Required work: Write out the data below in full, please. Keep every character as given.

[Data extracted from a collection]

◆ ◆ ◆ ◆ ◆ ◆ ◆

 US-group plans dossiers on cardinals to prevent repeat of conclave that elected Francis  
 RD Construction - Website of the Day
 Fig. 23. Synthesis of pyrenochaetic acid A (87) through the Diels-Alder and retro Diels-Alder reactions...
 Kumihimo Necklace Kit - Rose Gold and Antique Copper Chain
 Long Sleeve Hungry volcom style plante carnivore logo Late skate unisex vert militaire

◆ ◆ ◆ ◆ ◆ ◆ ◆

Solved problem:
 US-group plans dossiers on cardinals to prevent repeat of conclave that elected Francis  
 RD Construction - Website of the Day
 Fig. 23. Synthesis of pyrenochaetic acid A (87) through the Diels-Alder and retro Diels-Alder reactions...
 Kumihimo Necklace Kit - Rose Gold and Antique Copper Chain
 Long Sleeve Hungry volcom style plante carnivore logo Late skate unisex vert militaire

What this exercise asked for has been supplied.